CoronavirusGlobal Nurse

Da un anno "stanchezza" è una parola frequente nel vocabolario dei brasiliani. Per gli operatori sanitari che lavorano in prima linea per combattere la pandemia, tuttavia, la stanchezza è più di una parola o di una sensazione passeggera. A più di 12 mesi dalla conferma dell'arrivo del Coronavirus in Brasile, la categoria è sull'orlo del collasso per esaurimento fisico ed emotivo. Stanchi di lavoro e conviventi quotidianamente con la paura di contrarre la malattia e trasmetterla, i disturbi d'ansia, la sindrome da burnout e il disturbo da stress post-traumatico sono diventati sempre più presenti tra questi lavoratori.

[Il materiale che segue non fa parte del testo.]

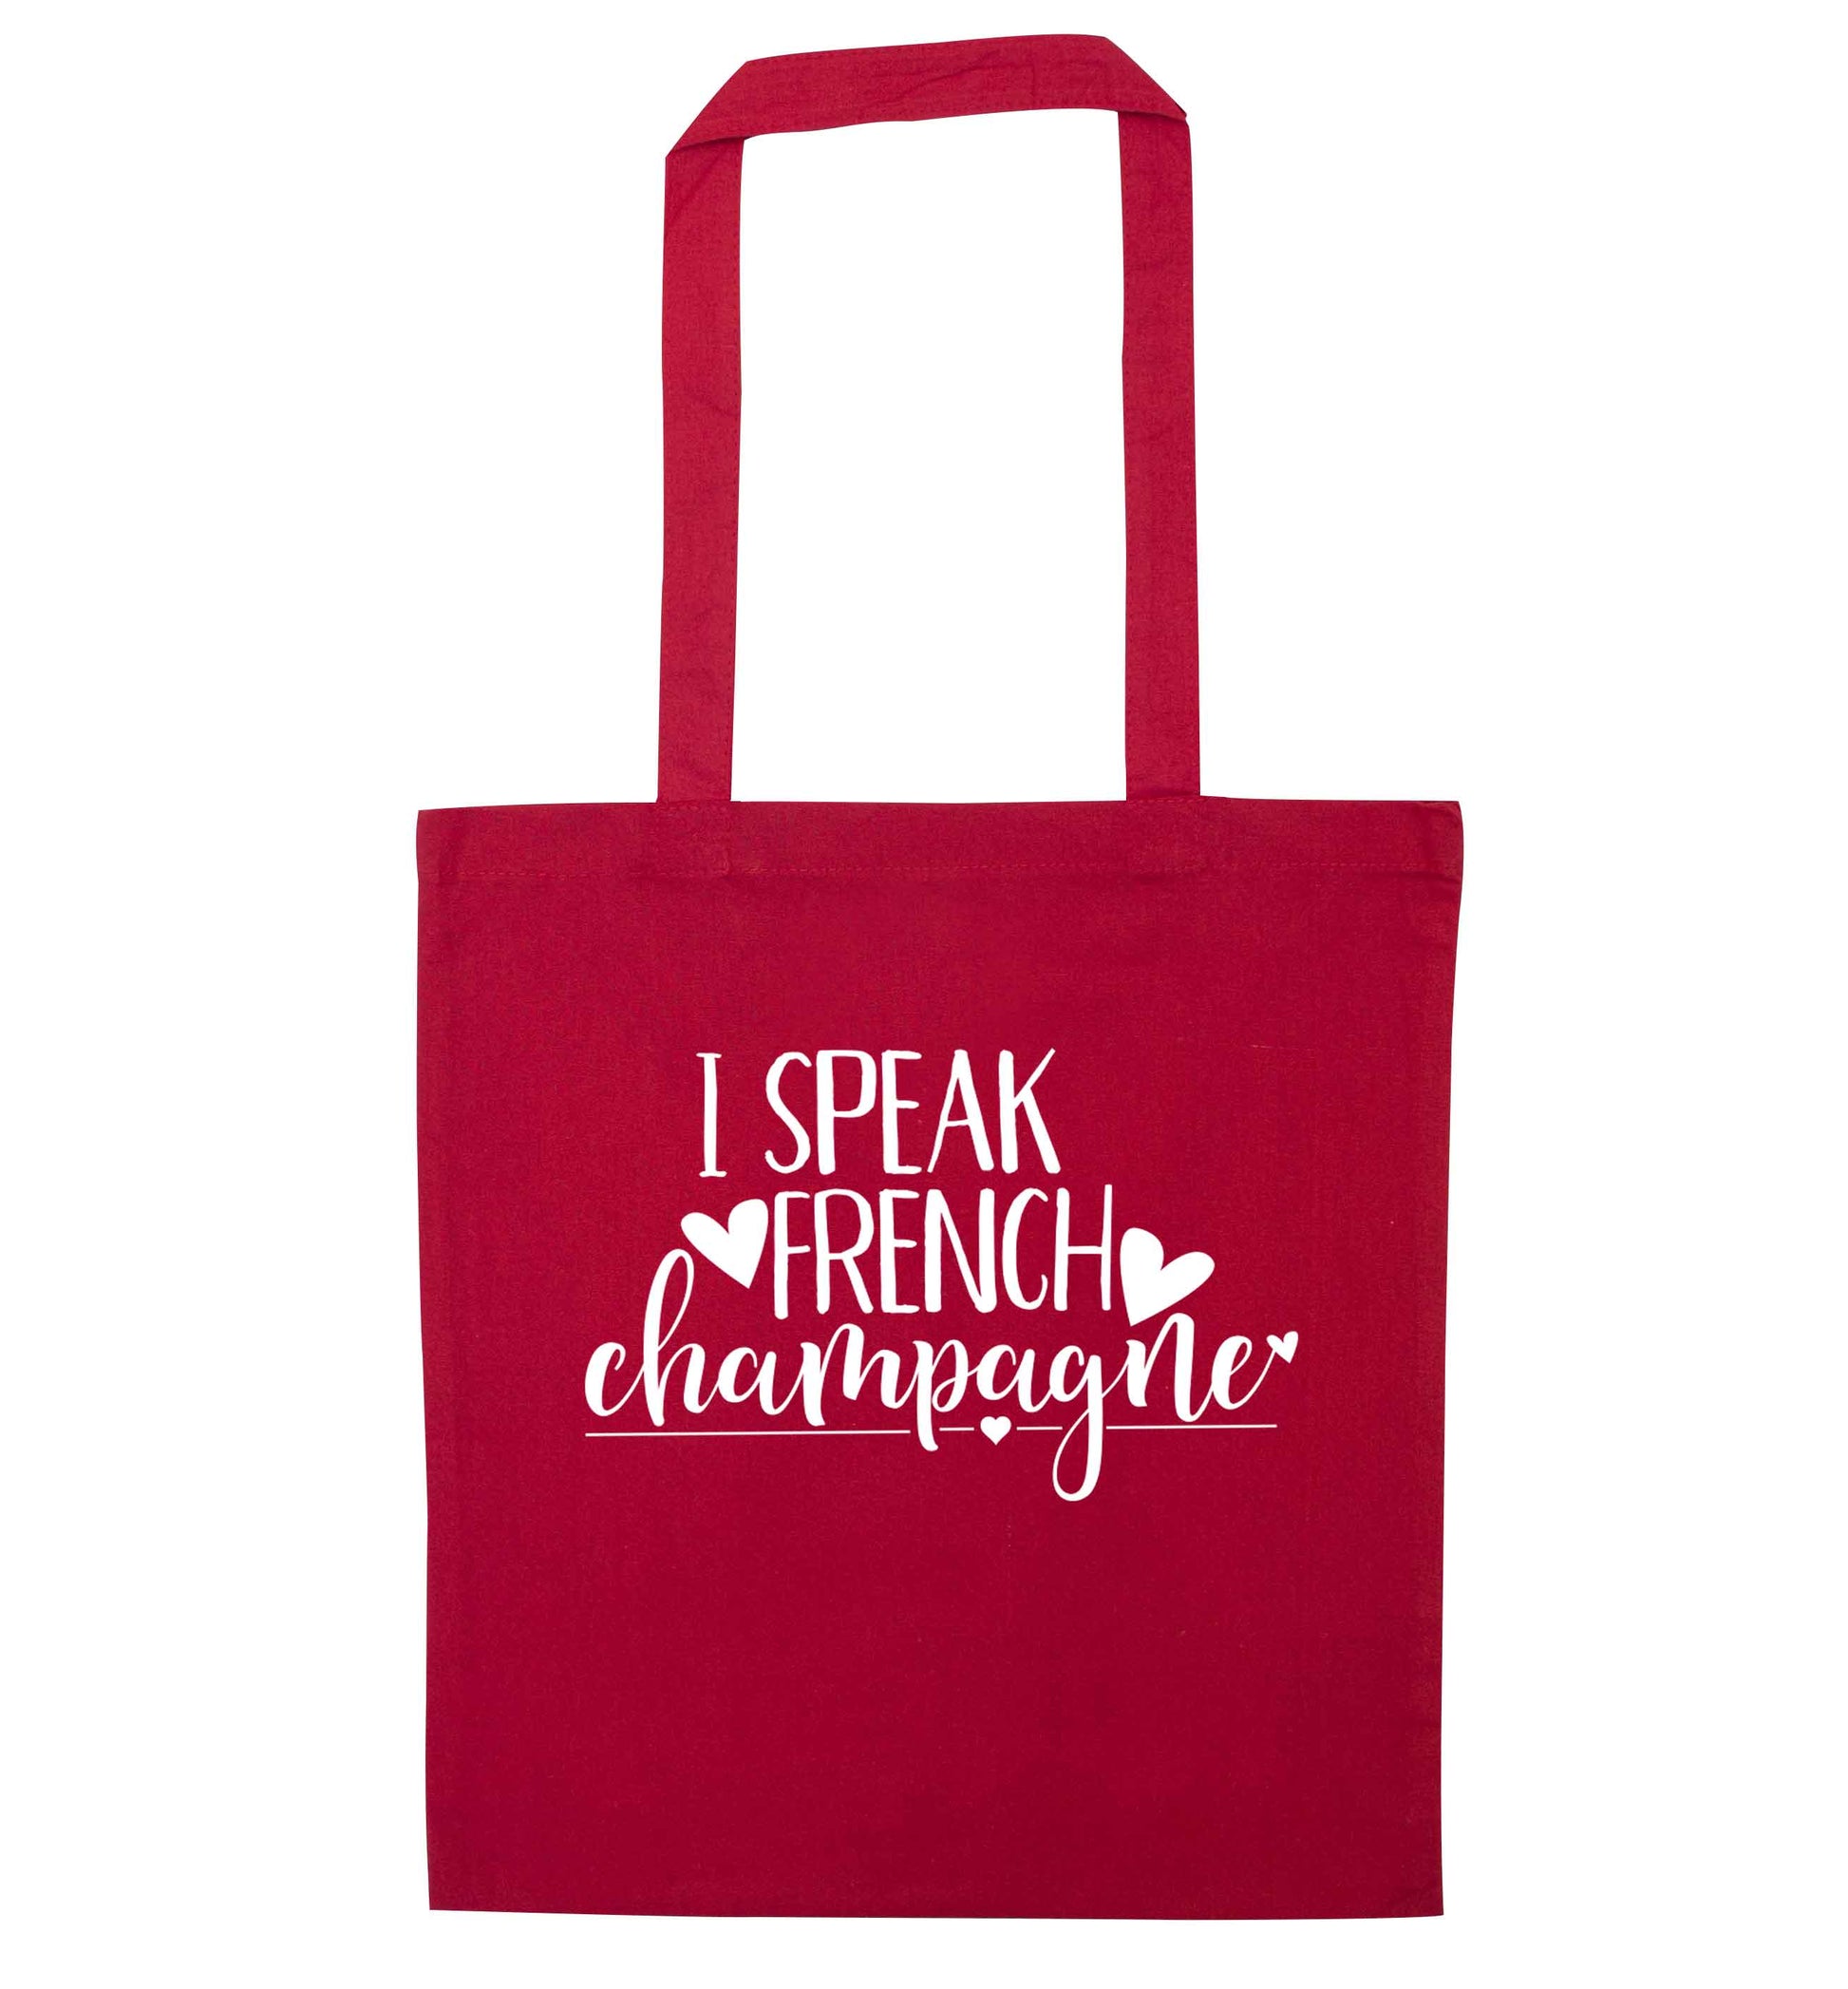 I speak french champagne red tote bag

I dati del Dipartimento di Stato della Sanità Pubblica (Sesap / RN) sottolineano che 21 professionisti sono stati licenziati per disturbi mentali legati al lavoro nel 2020. Nel comune di Natal, il Dipartimento della Sanità municipale non dati certi, ma conferma che " ci sono registrazioni di licenziamenti di dipendenti per problemi legati alla salute mentale o al burnout sul lavoro ", e afferma che intende sviluppare uno studio per quantificare il numero totale di professionisti in questa situazione.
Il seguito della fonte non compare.